On from roof to roof we twinkle, all the silver bells a-tinkle,
Till blooms in yonder blessèd East the rose of Christmas dawn.
Now the pack is fairly rifled, and poor Santa's well-nigh stifled;
Yet you would not let your Goody fill a single baby-sock;
Yes, I know the task takes brain, Dear. I can only hold the reindeer,
And so see me climb down chimney — it would give your nerves a shock.
Wait! There's yet a tiny fellow, smiling lips and curls so yellow
You would think a truant sunbeam played in them all night.
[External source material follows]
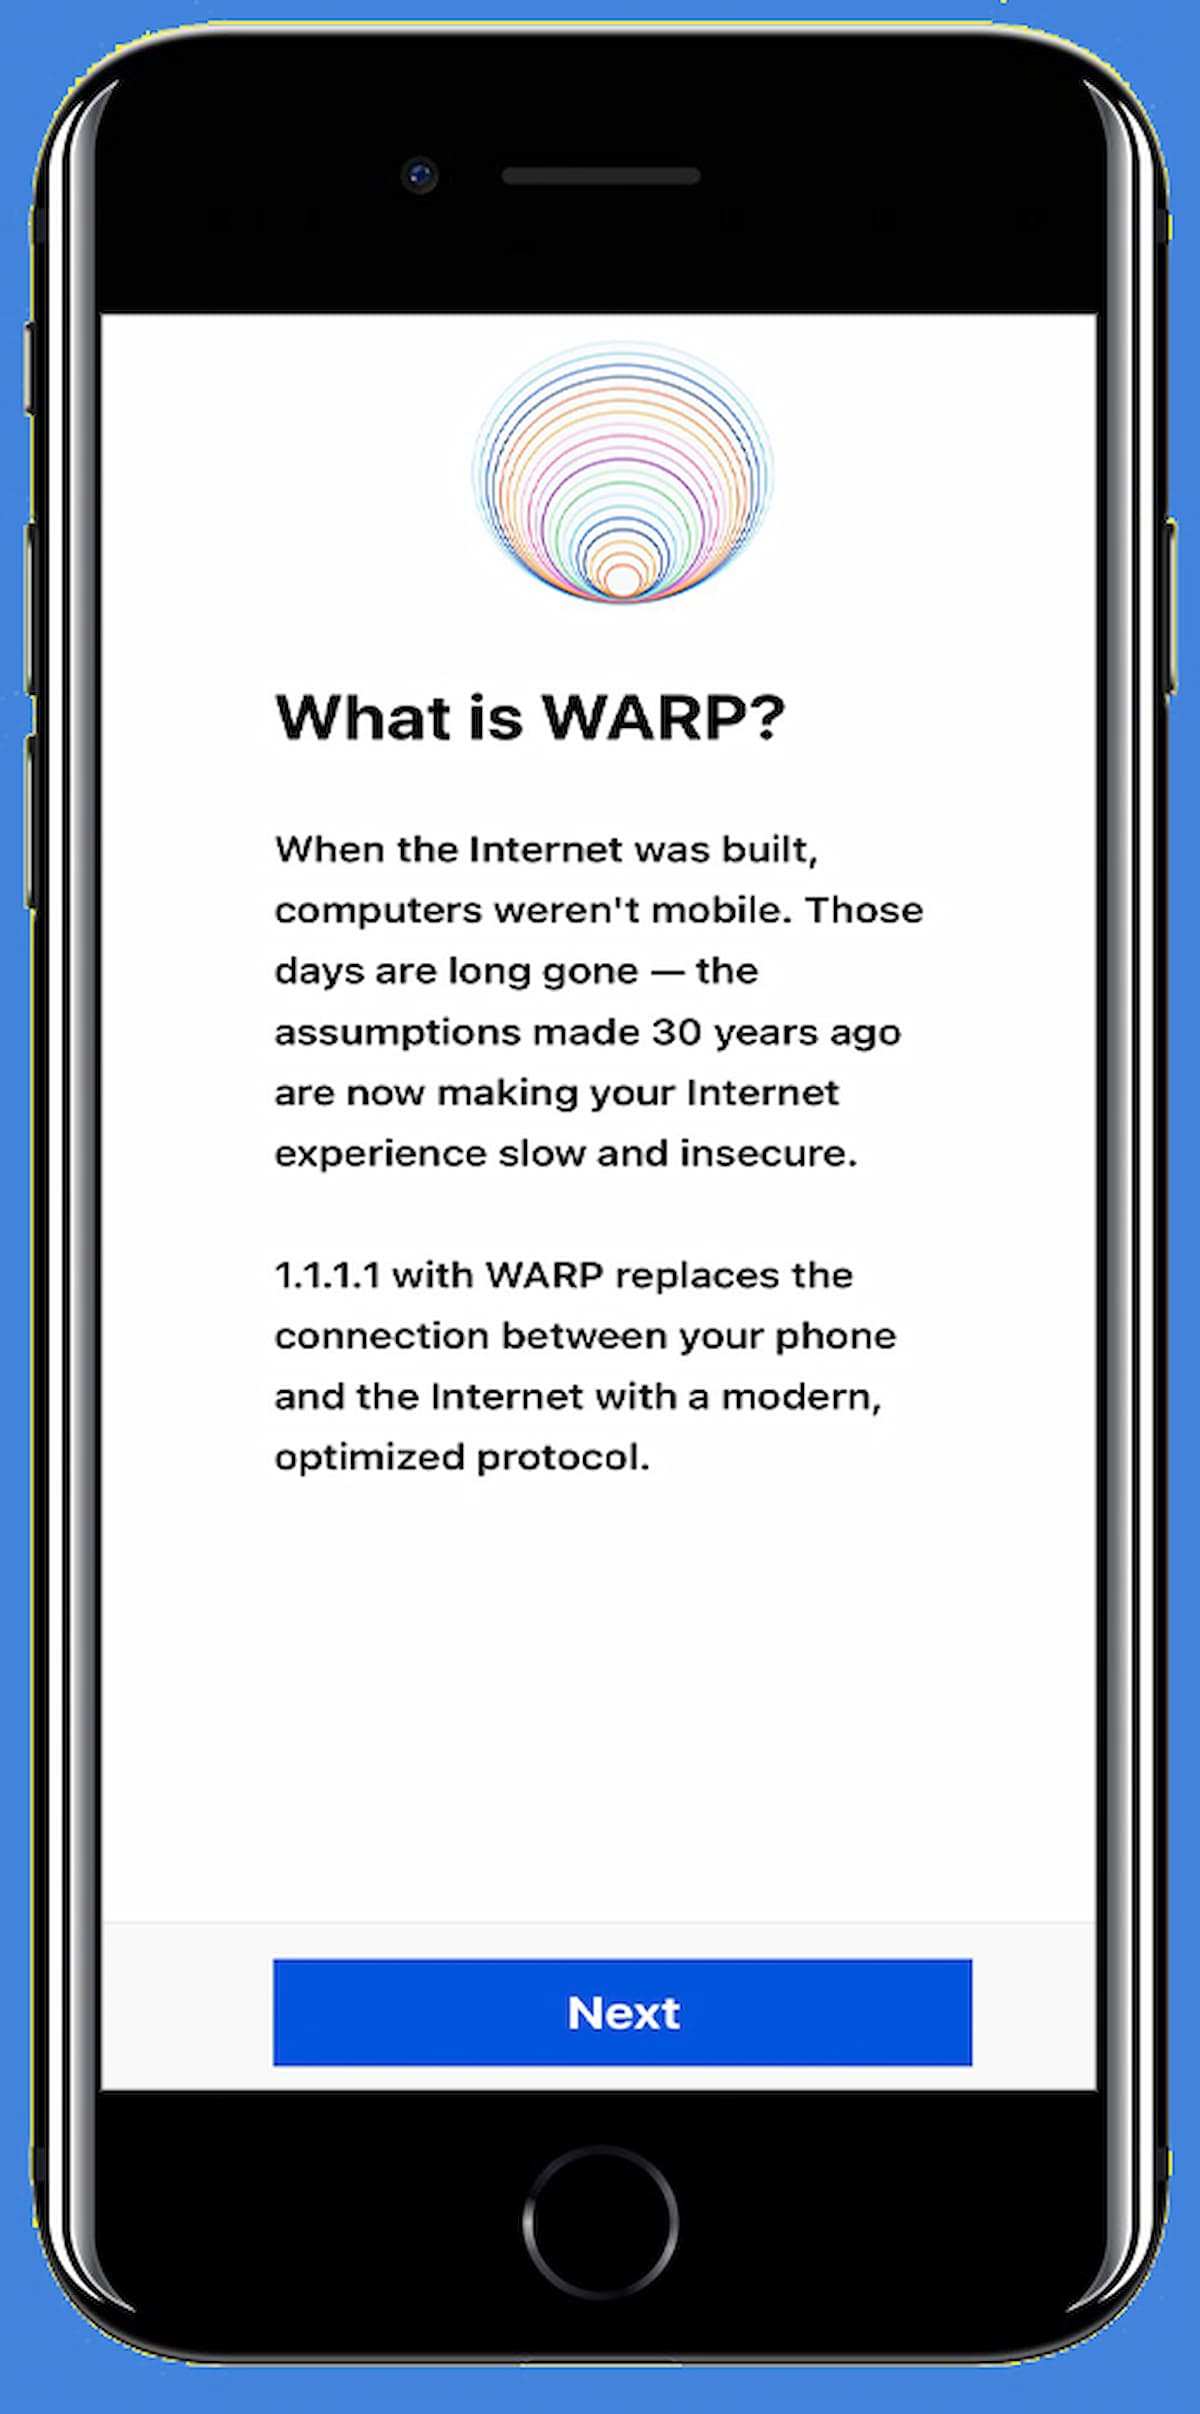 Cách vào web khi bị chặn bằng dịch vụ DNS WARP 1.1.1.1 trên điện thoại
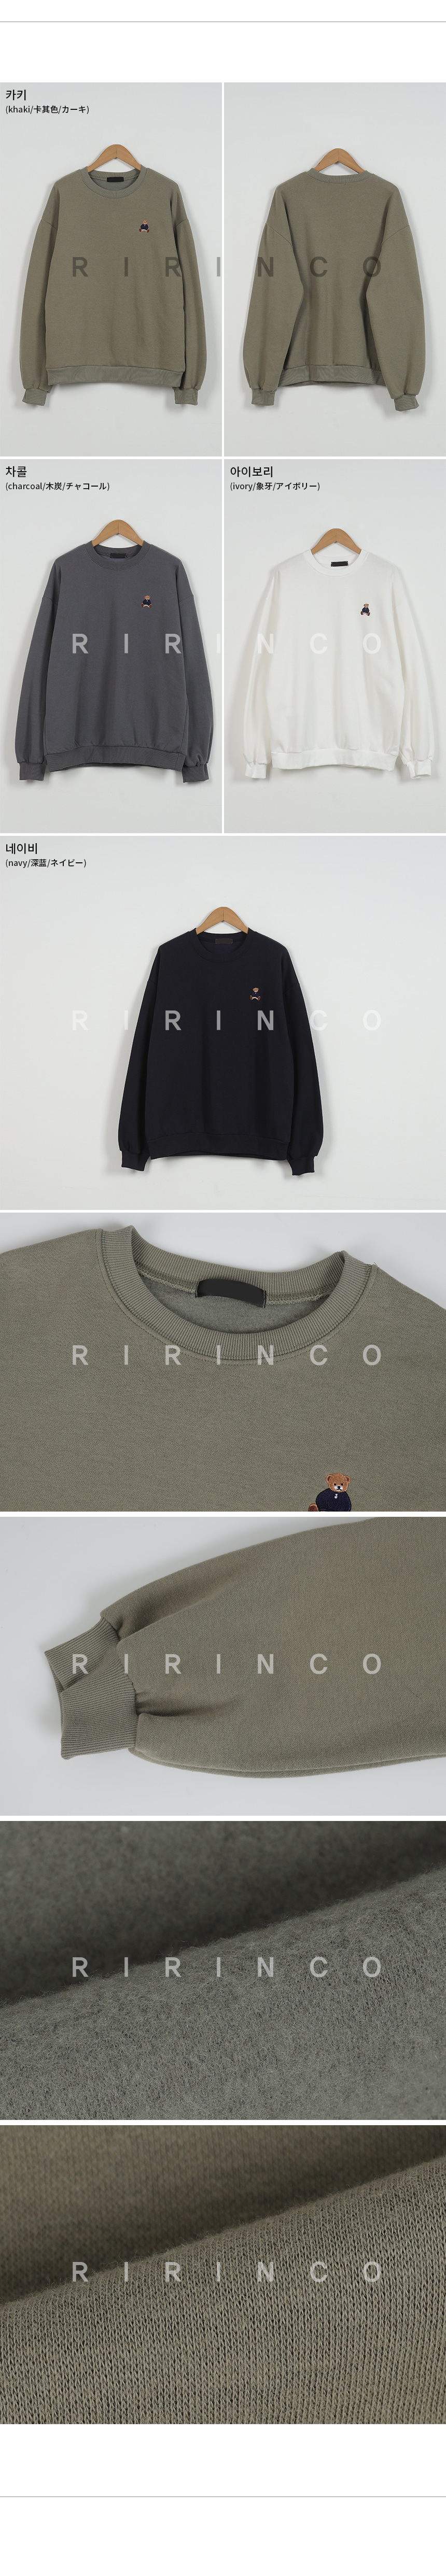 RIRINCO ルーズフィットクマ刺繍トレーナー

He spins
Giant tops, and flies kites higher than the gold cathedral spire
In his dreams — the orphan bairnie, trustful little Tatterkins.
Santa, don't pass by the urchin! Shake the pack, and deeply search in
All your pockets. There is always one toy more. I told you so.
Up again? Why, what's the trouble? On your eyelash winks the bubble
Mortals call a tear, I fancy. Holes in stocking, heel and toe?
Goodman, though your speech is crusty now and then there's nothing rusty
In your heart. A child's least sorrow makes your wet eyes glisten, too;
But I'll mend that sock so nearly it shall hold your gifts completely.
Take the reins and let me show you what a woman's wit can do.
Puff! I'm up again, my Deary, flushed a bit and somewhat weary,
With my wedding snow-flake bonnet worse for many a sooty knock;
But be glad you let me wheedle, since, an icicle for needle,
Threaded with the last pale moonbeam, I have darned the laddie's sock.
Then I tucked a paint-box in it ('twas no easy task to win it
From the Artist of the Autumn Leaves) and frost-fruits white and sweet,
With the toys your pocket misses — oh! and kisses upon kisses
To cherish safe from evil paths the motherless small feet.
Chirrup! chirrup! There's a patter of soft footsteps and a clatter
Of child voices. Speed it, reindeer, up the sparkling Arctic Hill!
Merry Christmas, little people! Joy-bells ring in every steeple,
And Goody's gladdest of the glad. I've had my own sweet will.
Hope you enjoyed meeting Mrs. Claus. After all, as Santa's Helpmate, she has much to do with Christmas Dreams coming true!
Meanwhile, on behalf of Santa and Mrs. Claus, we wish you "all the bright, abundant harvest of the merry Christmastide" ... and stockings full of "gifts and goodies"!